WHAT THE TASK ASKS: Nothing may be left out of the listing below but its images; repeat the rest exactly.

SUPPLIED MATERIAL:
- - - -

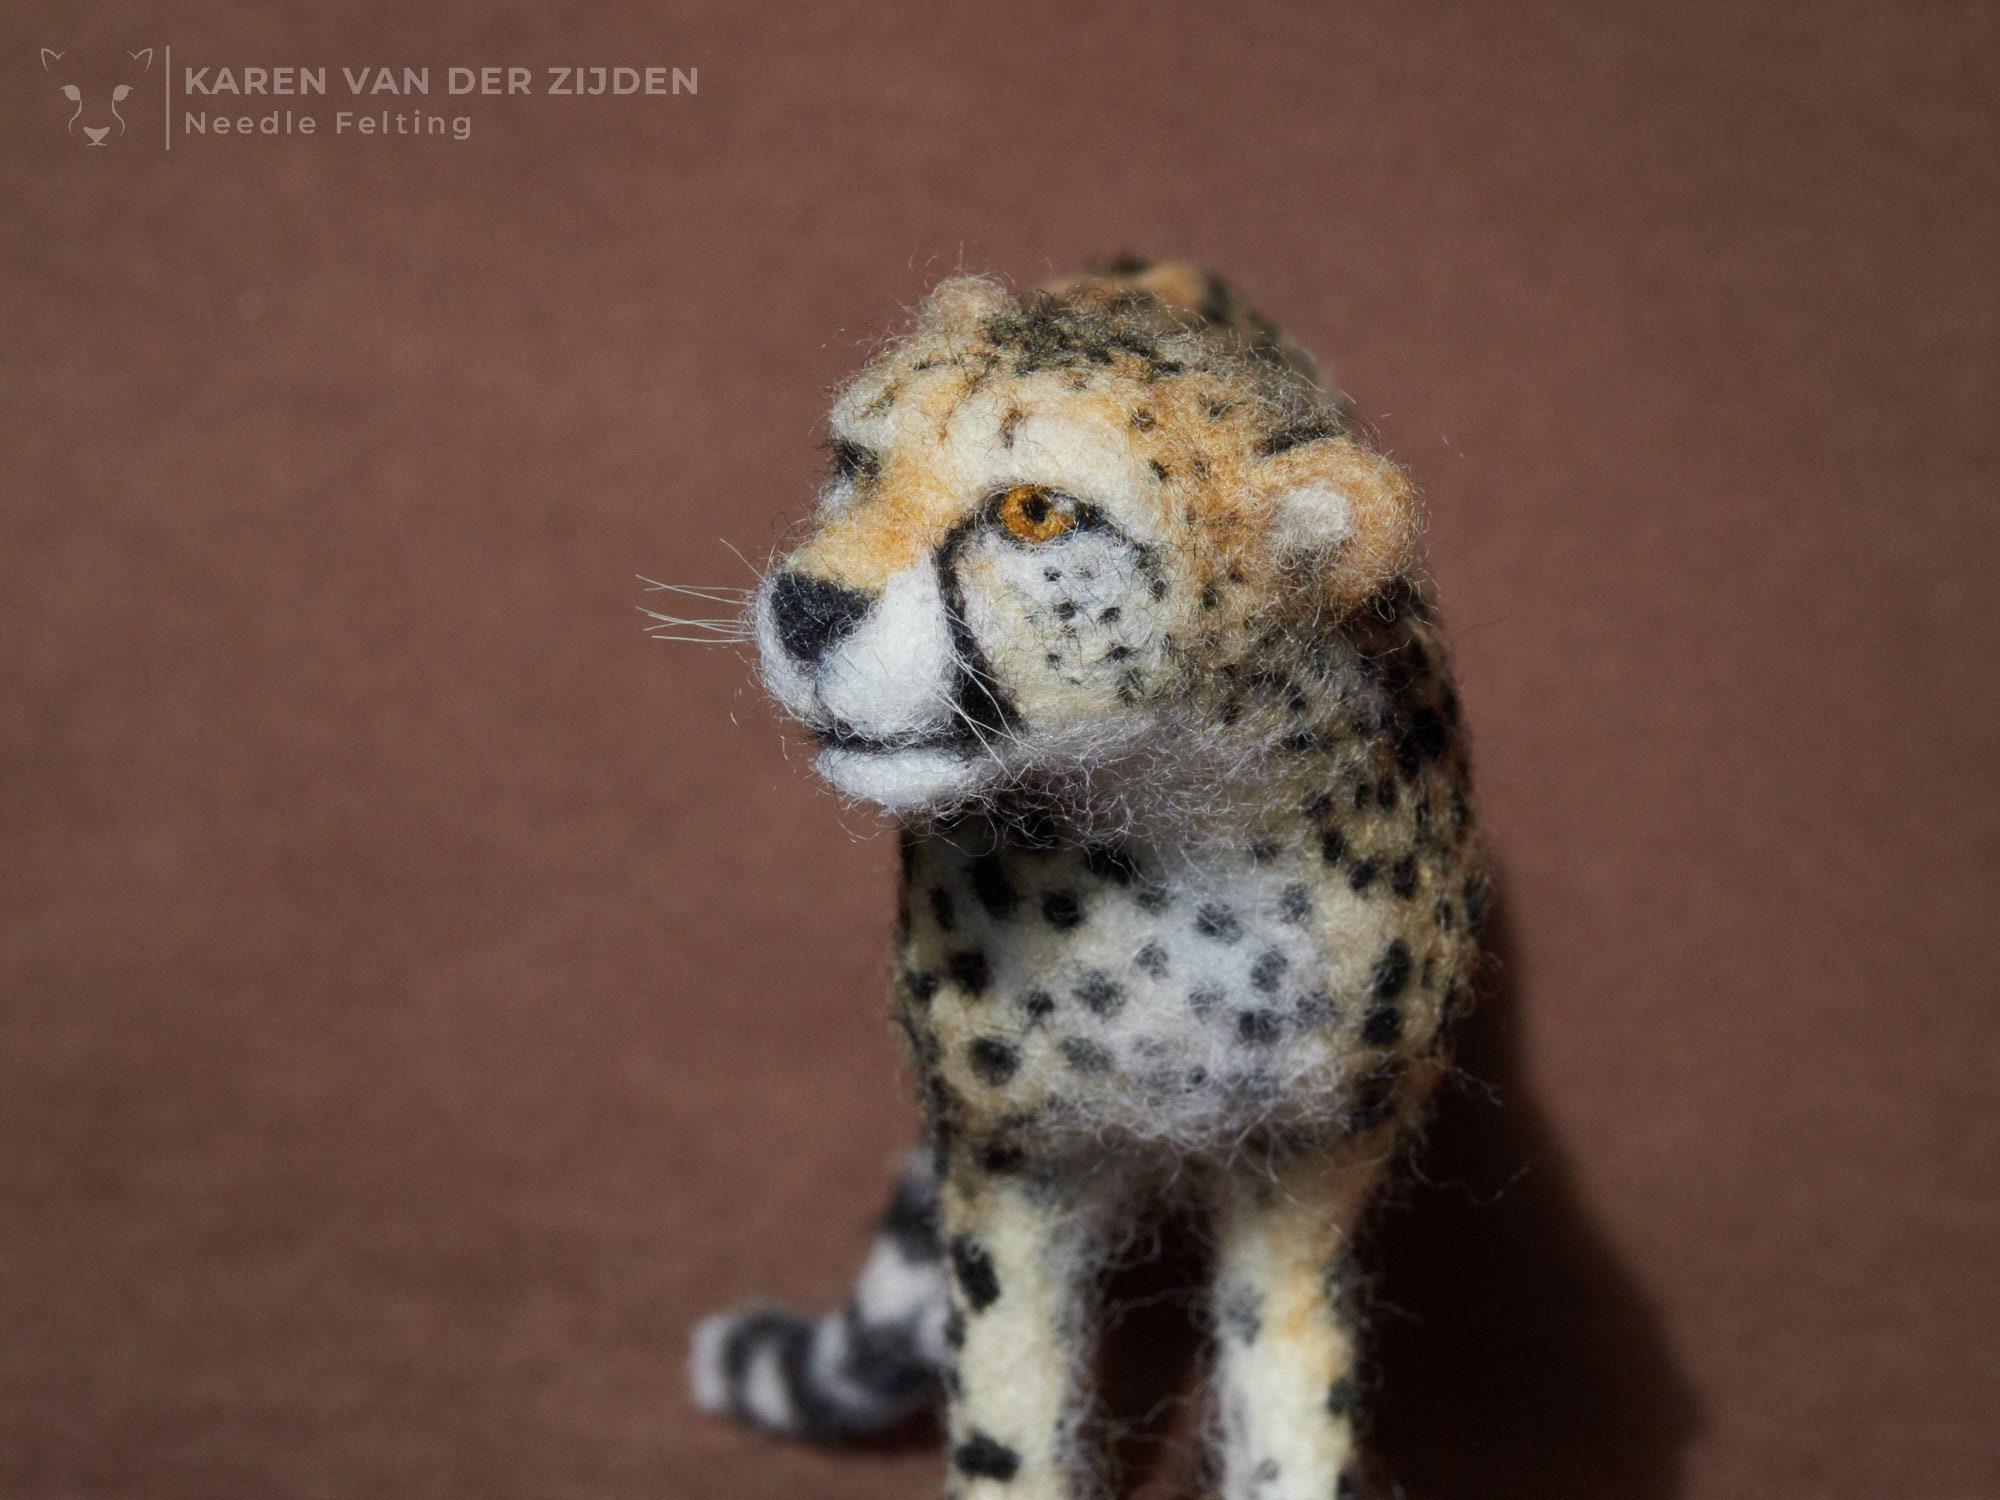 Cheetah Figurine -  Canada
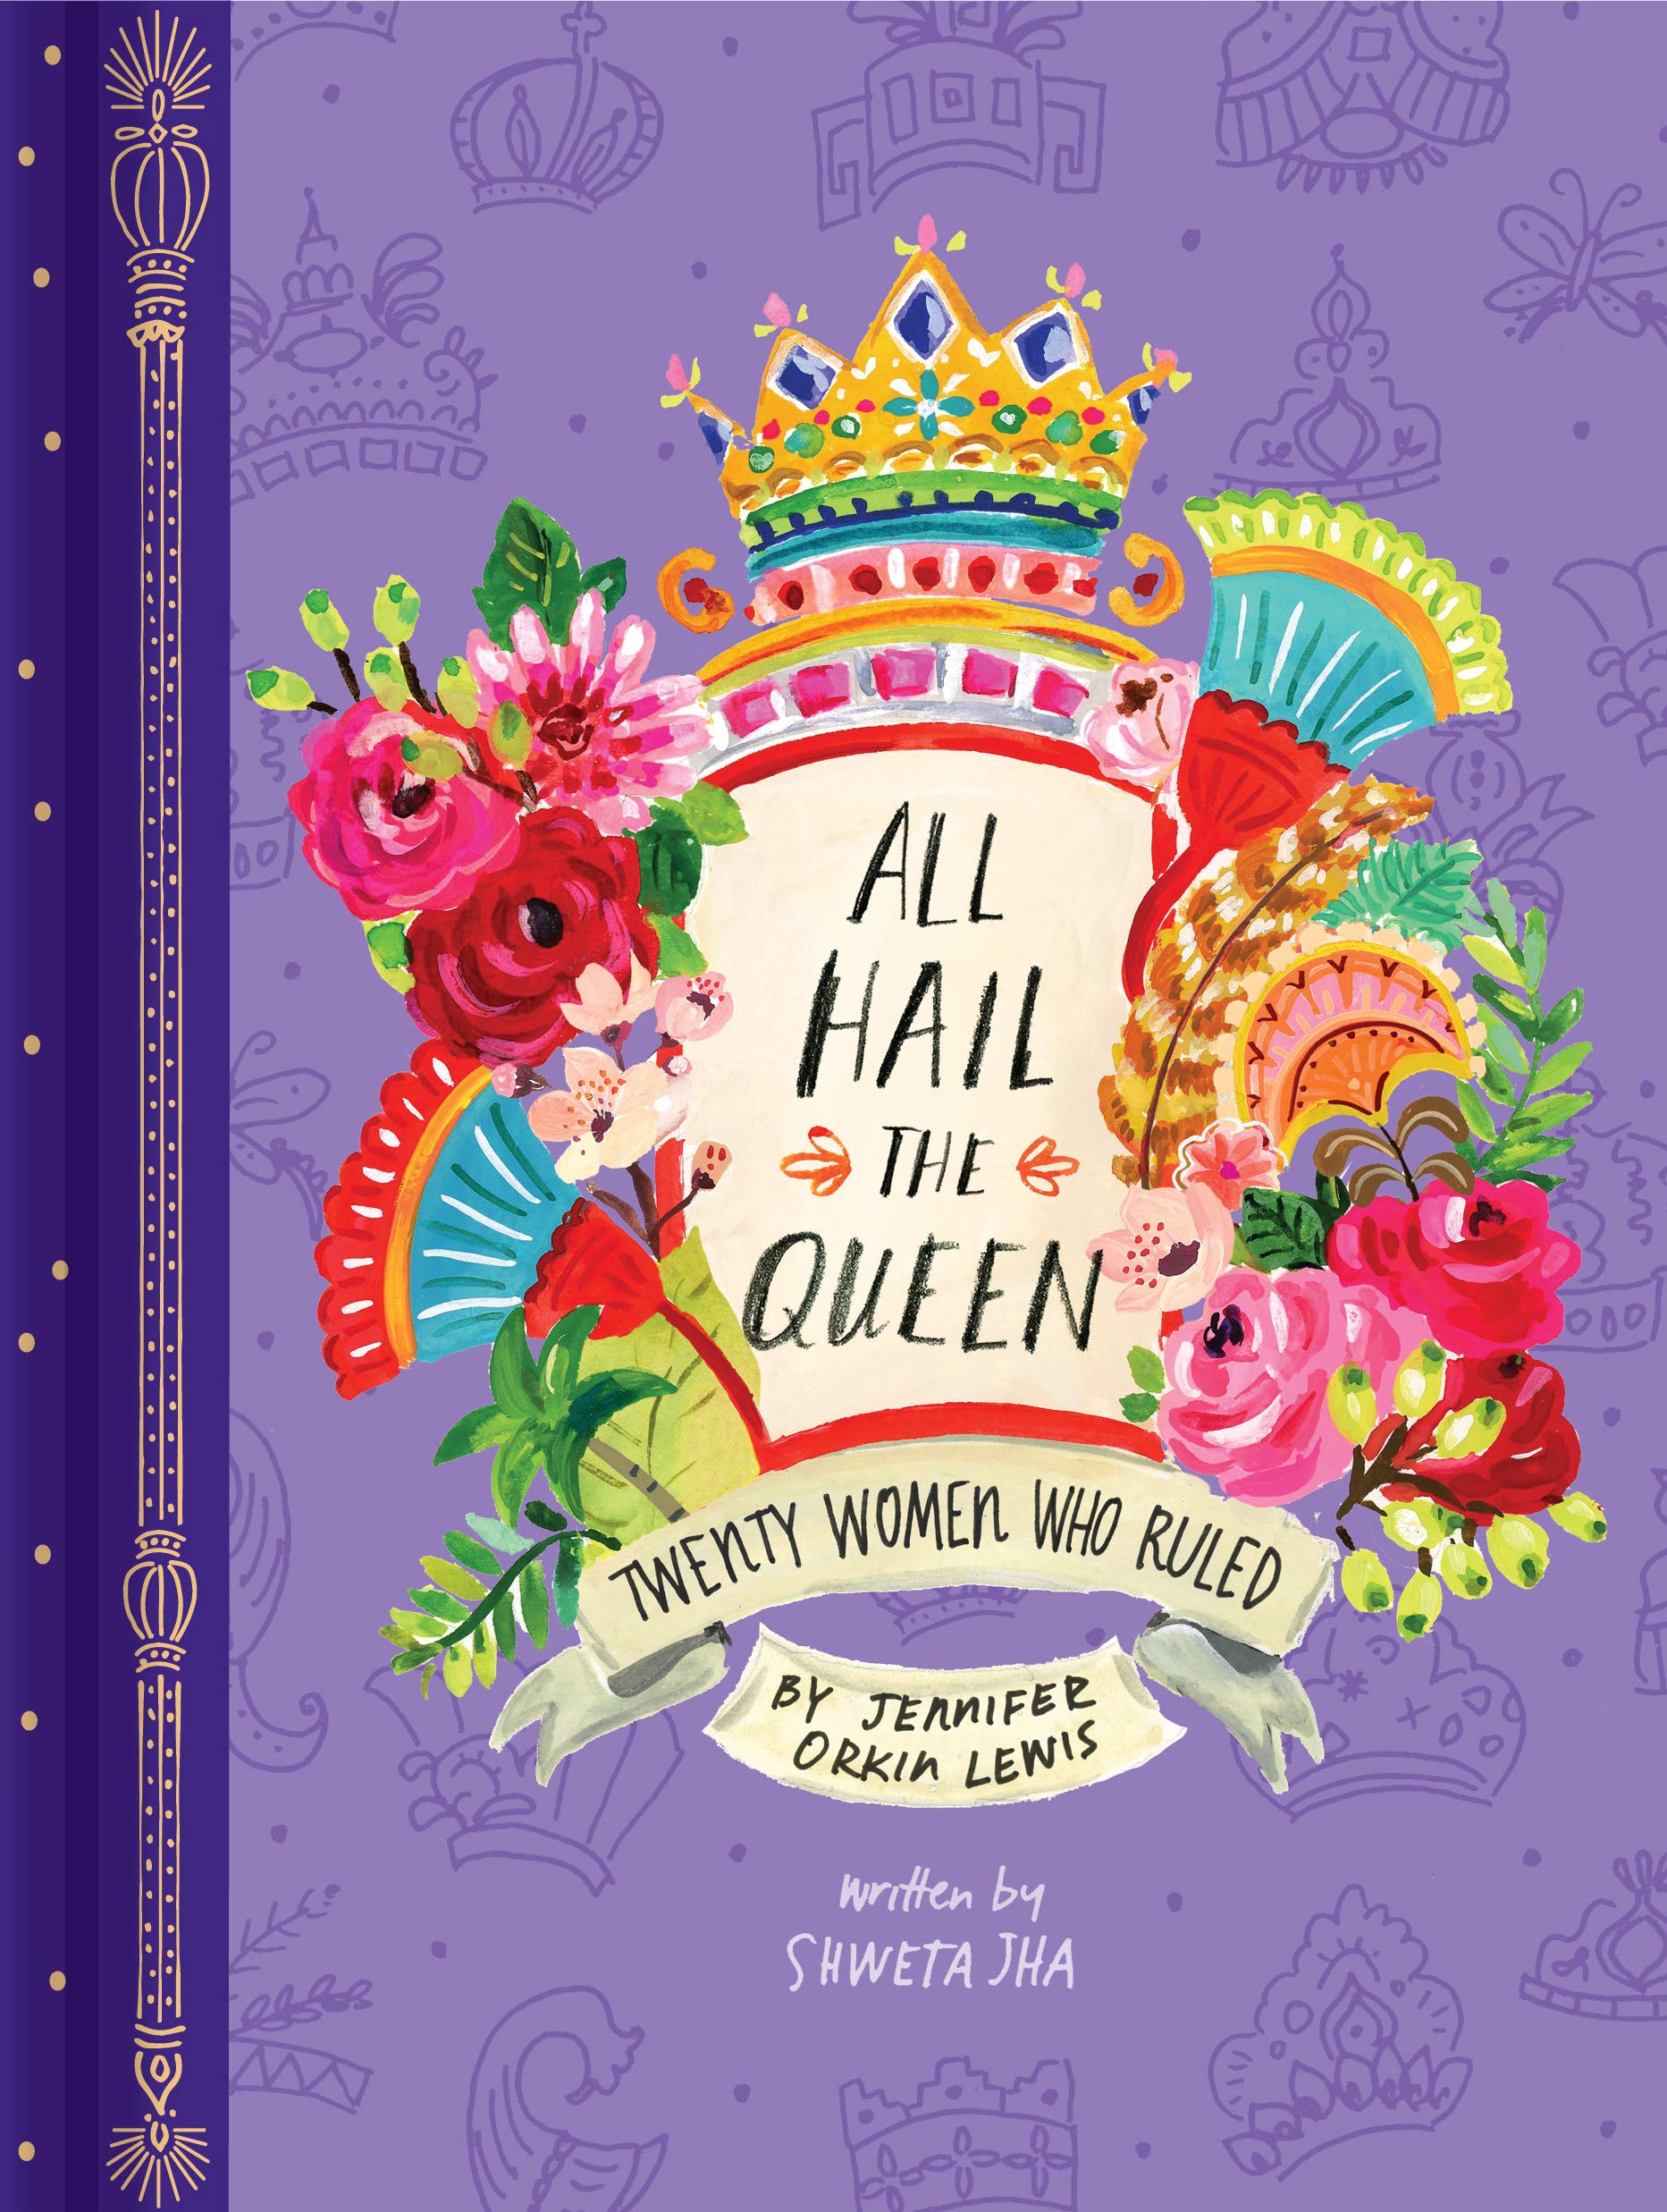 All Hail the Queen | Jennifer Orkin Lewis
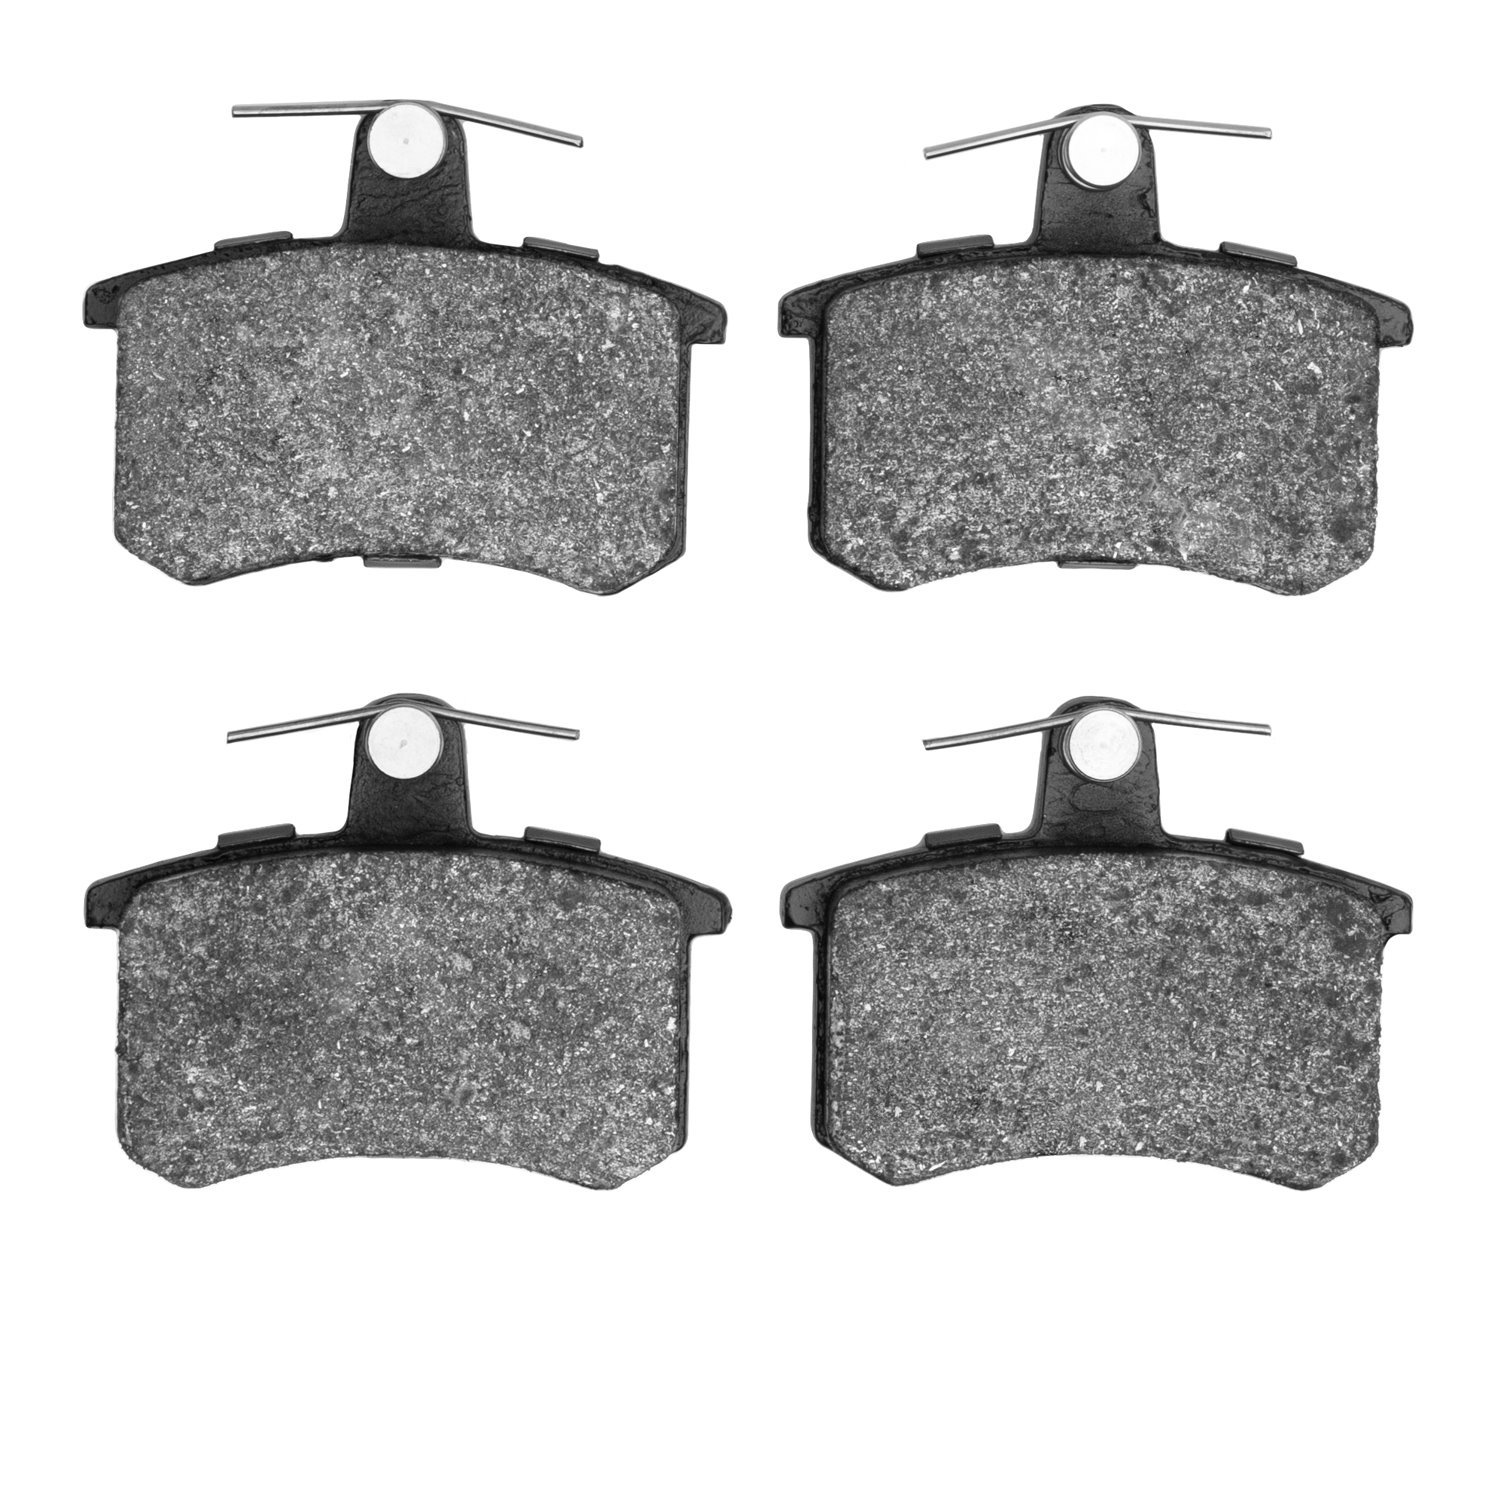 1310-0228-00 3000-Series Ceramic Brake Pads, 1980-2001 Multiple Makes/Models, Position: Rear

- - - -

TASK SOLUTION:
 Cheetah Figurine -  Canada
 All Hail the Queen | Jennifer Orkin Lewis
 1310-0228-00 3000-Series Ceramic Brake Pads, 1980-2001 Multiple Makes/Models, Position: Rear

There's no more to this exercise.